View Single Post
  #17   Report Post  
Posted to alt.home.repair
DerbyDad03 DerbyDad03 is offline
external usenet poster
 
Posts: 14,845
Default OT Plane Crash because of Birds

On Jan 16, 10:44*am, dpb wrote:
On Jan 16, 8:21*am, Smitty Two wrote:
... As far as the pilot being a hero, sure, he did a nice job. Any pilot
could have easily done the same thing. Planes fly perfectly well without
engine power. Only caveat is, they fly a descending course.


...

That's utter BS about "any pilot" and "easily". *The descending course
from perhaps 8000-ft over the city that Airbus was "flying perfectly
well" w/o power is mostly flying just a little better than a rock--
they're not gliders.

That one would hope that any commercial pilot would be capable of the
feat is comforting thought if one flies; reality is far different.
Even whether this guy could duplicate the result is probably 50:50 at
best; undoubtedly his chances of getting it to the ditching spot would
be pretty good but the ditching itself would be a crapshoot to come
off that well.

The guy was outstanding (and I suspect, if asked, would say had some
luck on his side to boot)...

--


One of the things mentioned by some of the talking heads, while in no
way diminishing the fantastic job done by the crew, was that pilots
train on flight simulators for just such emergencies.
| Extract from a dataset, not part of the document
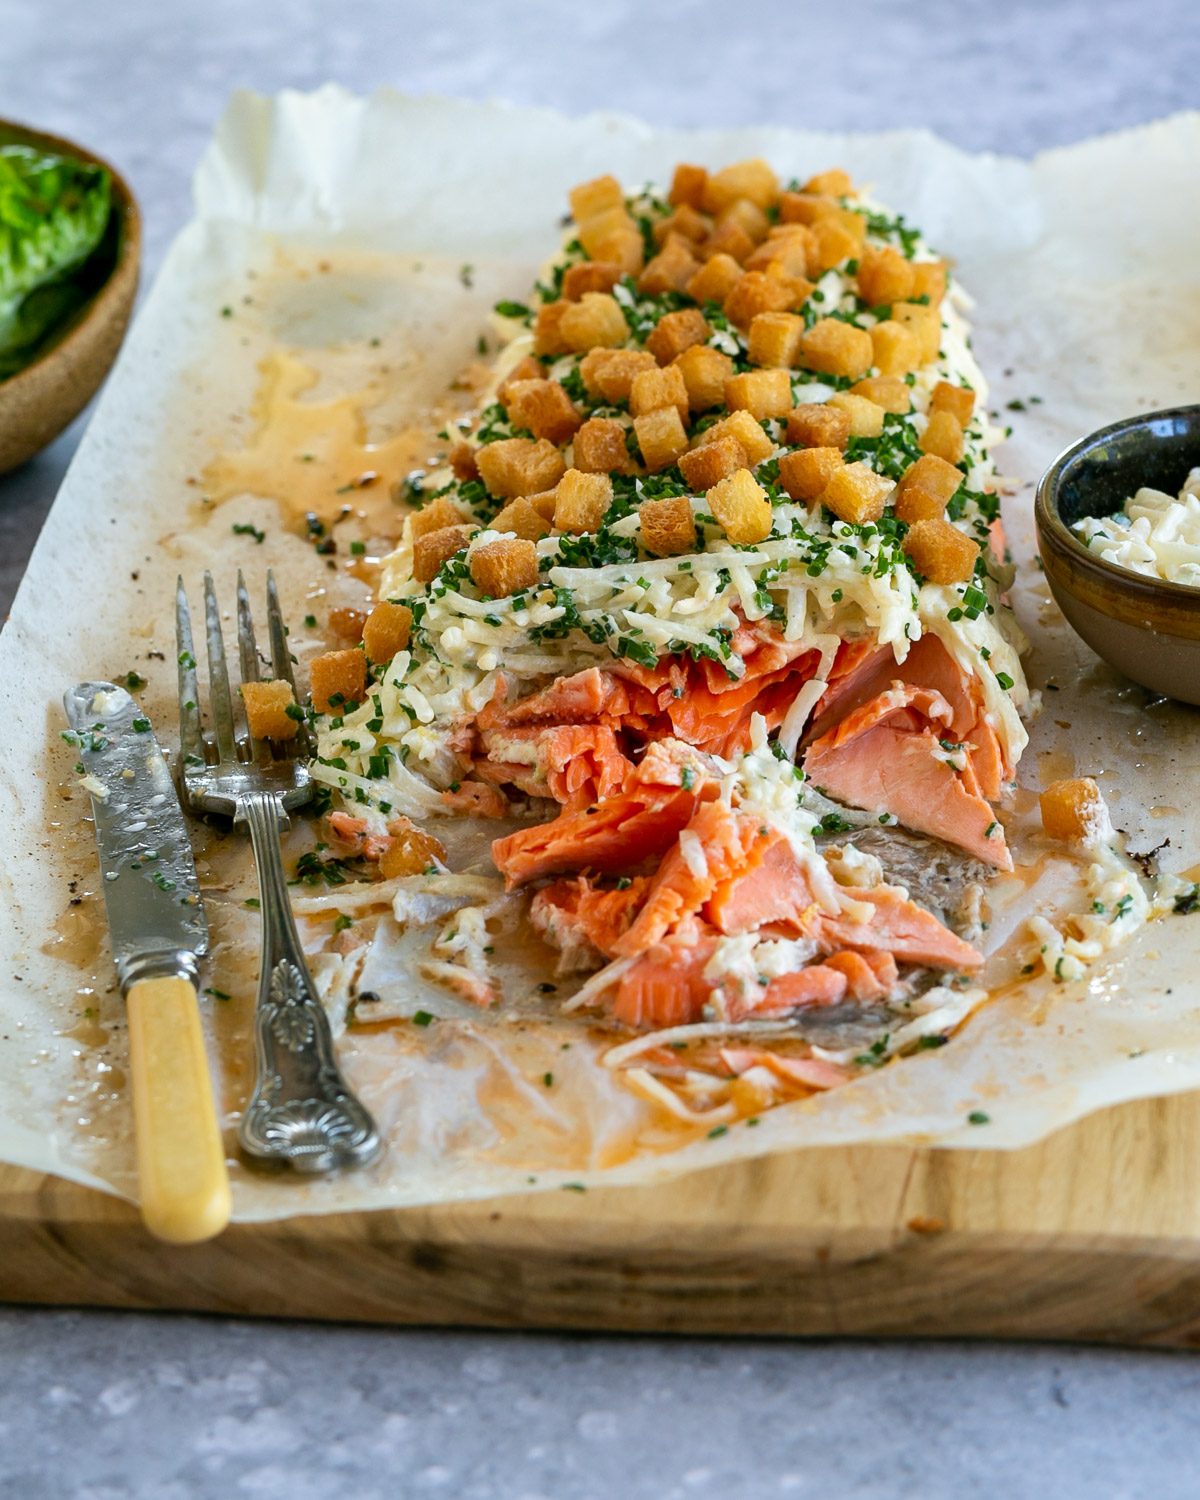 Flaked baked trout fillet served on a wooden board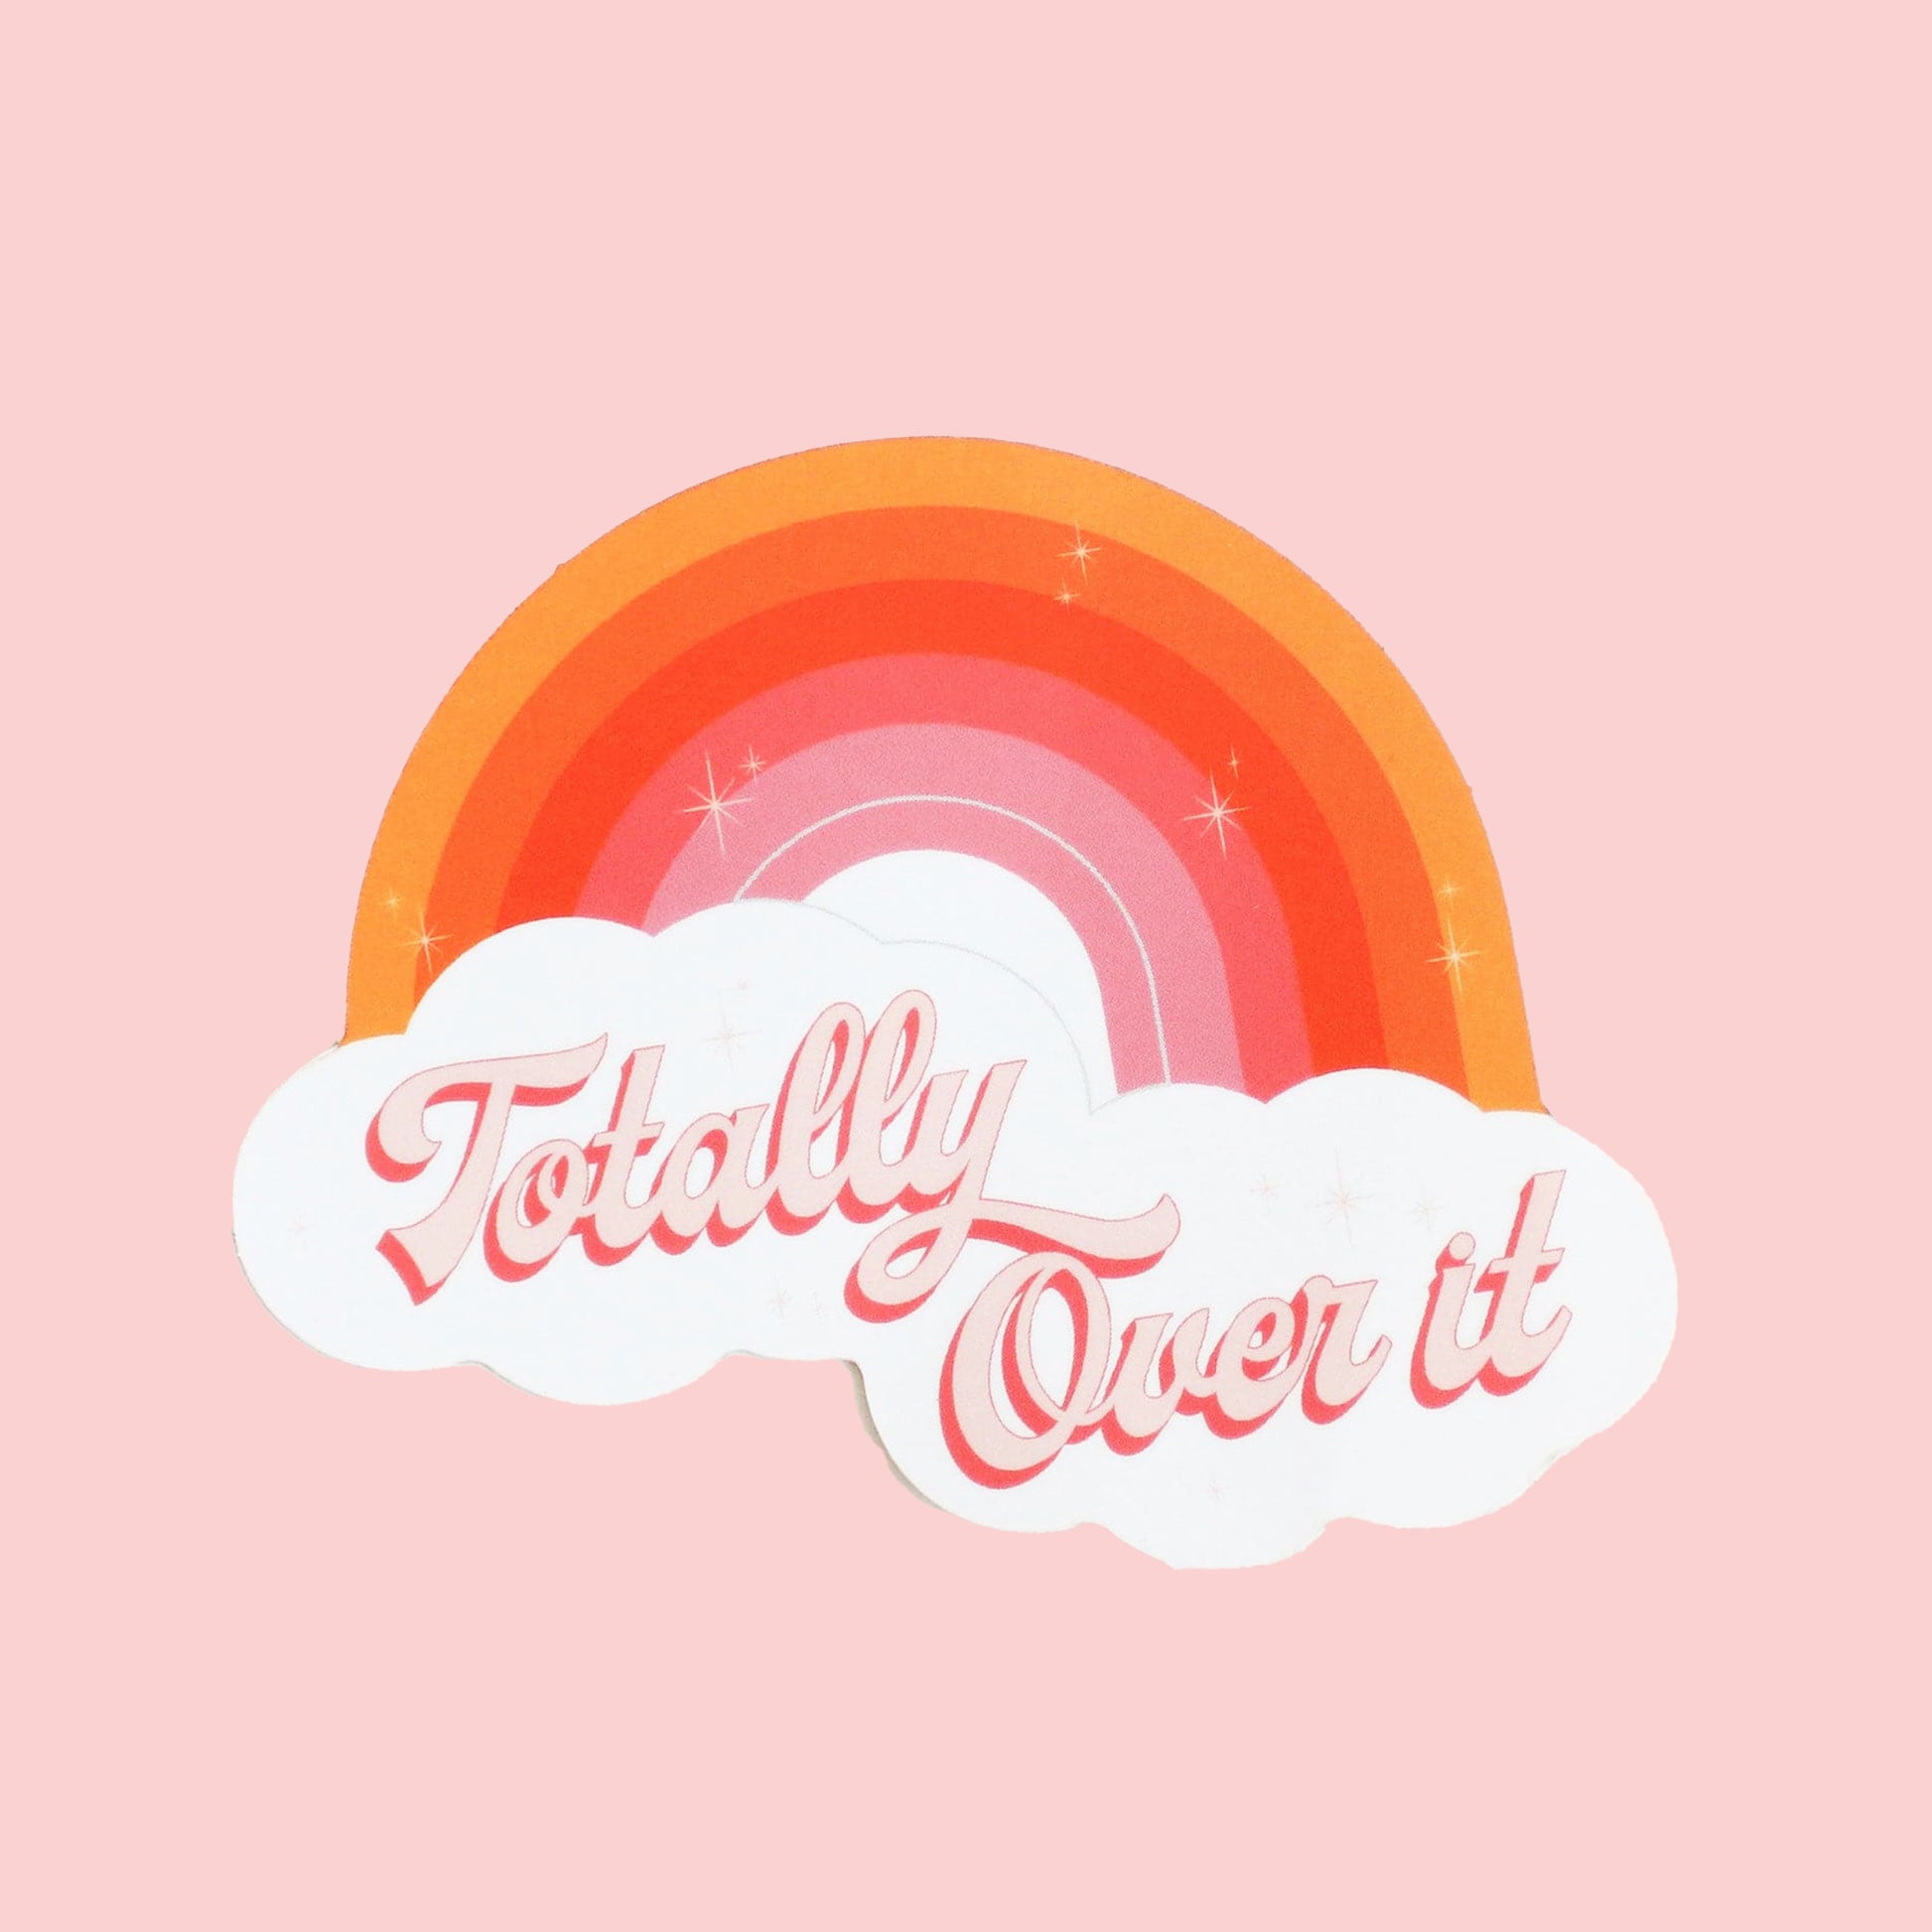 Bright rainbow designed sticker with orange sunset hues. This sticker reads 'Totally Over It' in pink cursive lettering below the rainbow in white clouds.

That got me thinking. Do you think that the folks that wrote the
software for the simulators were able to create the mathematical
models required to simulate the drag of the Hudson River on the
engines of an Airbus A320?

Assuming they practice water landings, how could the pilot adjust for
current, choppiness, etc? I think that at the point that they've opted
for a water landing, there are going to be a huge number of factors
that no simulator practice is going to help them with. The best that
can be hoped for is that the 80% of things covered by the simulator is
enough to cover all the unknowns.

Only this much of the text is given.